Собранная Элайон коллекция молекул напоминала ярмарочную карусель с диковинными зверями. Одна молекула – 2,6-диаминопурин – даже в мельчайших дозах была чрезвычайно токсична для животных. Другая пахла как чеснок, только в тысячу раз сильнее. Многие оказывались нестабильными или бесполезными – или и то, и другое сразу. Однако в 1951 году Элайон удалось найти вариант, получивший название 6-меркаптопурин, или 6-МП.
Препарат 6-МП провалил часть предварительных токсикологических испытаний на животных (оказался неожиданно токсичным для собак), и его наверняка отвергли бы, если бы успехи горчичного газа в уничтожении раковых клеток не придали первым химиотерапевтам уверенности. В 1948 году Корнелиус “Дасти” Роудс, во время войны руководивший Службой химической борьбы армии США, снова стал директором нь10-йоркской Мемориальной больницы (и исследовательского института при ней), тем самым укрепив связь между химическими боями на военных фронтах и в человеческом теле.
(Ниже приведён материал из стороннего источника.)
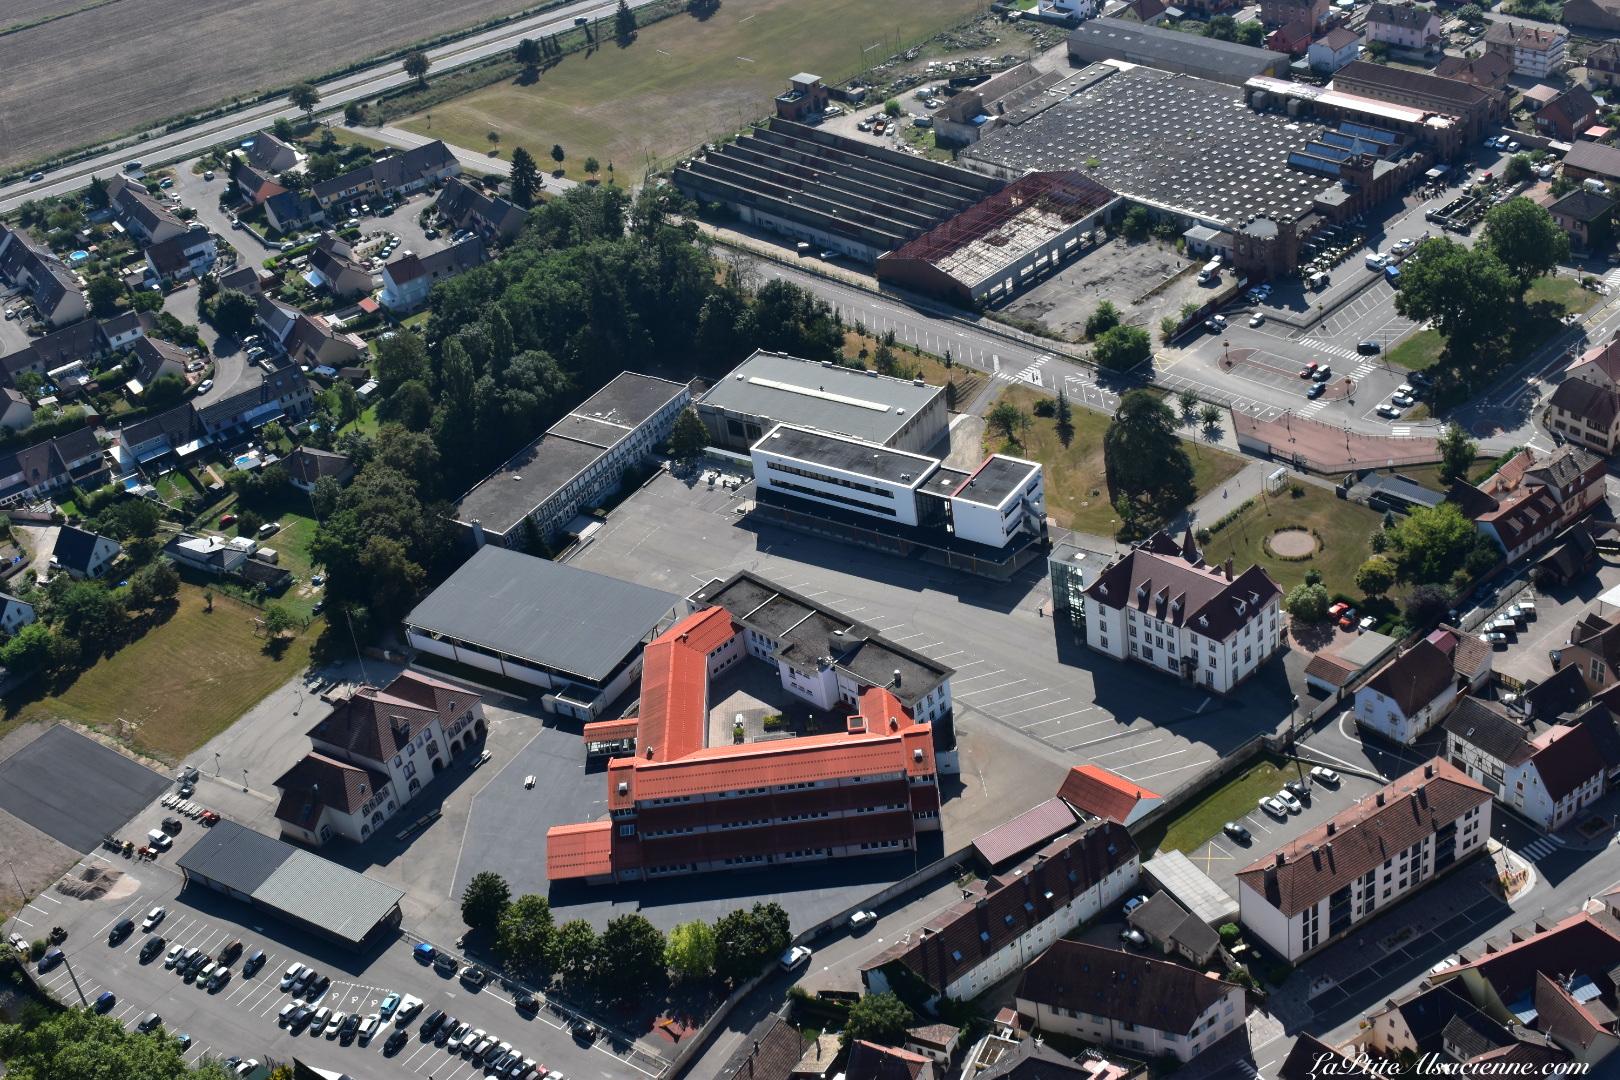 Ecole maternelle, primaire, Collège et Lycée Champagnat à Issenheim vu du ciel. Photo de Cendrine Miesch dite LaPtiteAlsacienne

Заинтригованный способностью отравляющих веществ убивать рак, Роудс активно налаживал сотрудничество своих ученых с лабораторией Хитчингса и Элайон в Burroughs Wellcome. Через несколько месяцев после испытаний на клетках в чашках Петри 6-МП был упакован и подготовлен к проверке на больных людях.
Первой мишенью нового лекарства, что вполне предсказуемо, стал острый лимфобластный лейкоз – заболевание, занимавшее тогда умы онкологов. В начале 1950-х врачи-ученые Джозеф Бурченал и Мэри Лойе Мерфи, набрав группу детей с ОЛЛ, начали клинические исследования 6-меркаптопурина[231].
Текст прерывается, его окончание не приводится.